In order to keep his head above water, Hugo Wolf accepted a position as répétiteur, choir director and assistant to the conductor Karl Muck at the Salzburg State Theater in 1881 - without having any relevant training, mind you. After a successful initial phase, however, Wolf fell out with the orchestra and Karl Muck in January 1882 to such an extent that "a fierce exchange of words between me and the director [...] led to both parties resigning" (letter to his father dated 4 January 1882). "The theater here is more a school of intrigue than a school of art," he writes further in this letter. "[...] From the 16th onwards, I no longer belong to this mess." Wolf was once again without a job.

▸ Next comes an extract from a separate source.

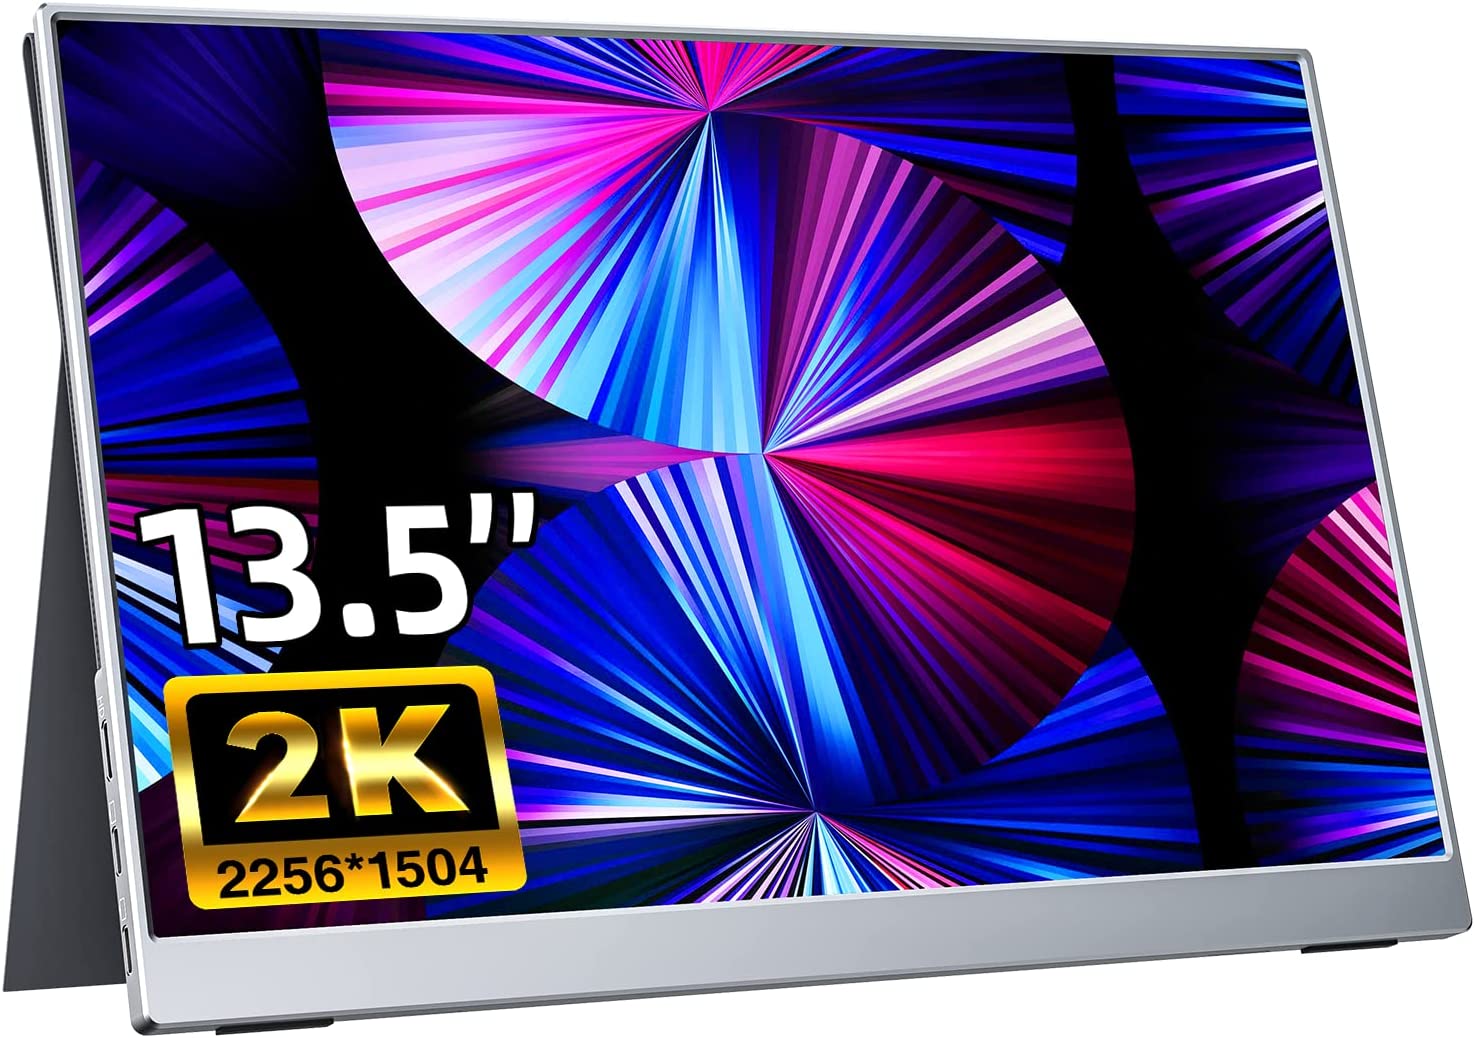 モバイルモニター kksmart 13.5インチ 超薄型 超軽量380g 狭額縁 400nits高輝度 100%sRGB色域 画像比自動適合 モバイルディスプレイ HDRモード対応 保護カバー付き 非光沢IPSパネル 2K解像度 2…

After his return to Vienna, he wrote further compositions and more or less kept his head above water by teaching (mainly piano, but also violin and singing). He held a job as a music critic for the Viennese Salonblatt, which a friend had arranged for him, for three years from 1884 to 1887, before he also ended this activity at his own request. Wolf simply could not reconcile composing with reviewing - he wrote just four songs in the years 1884 to 1886.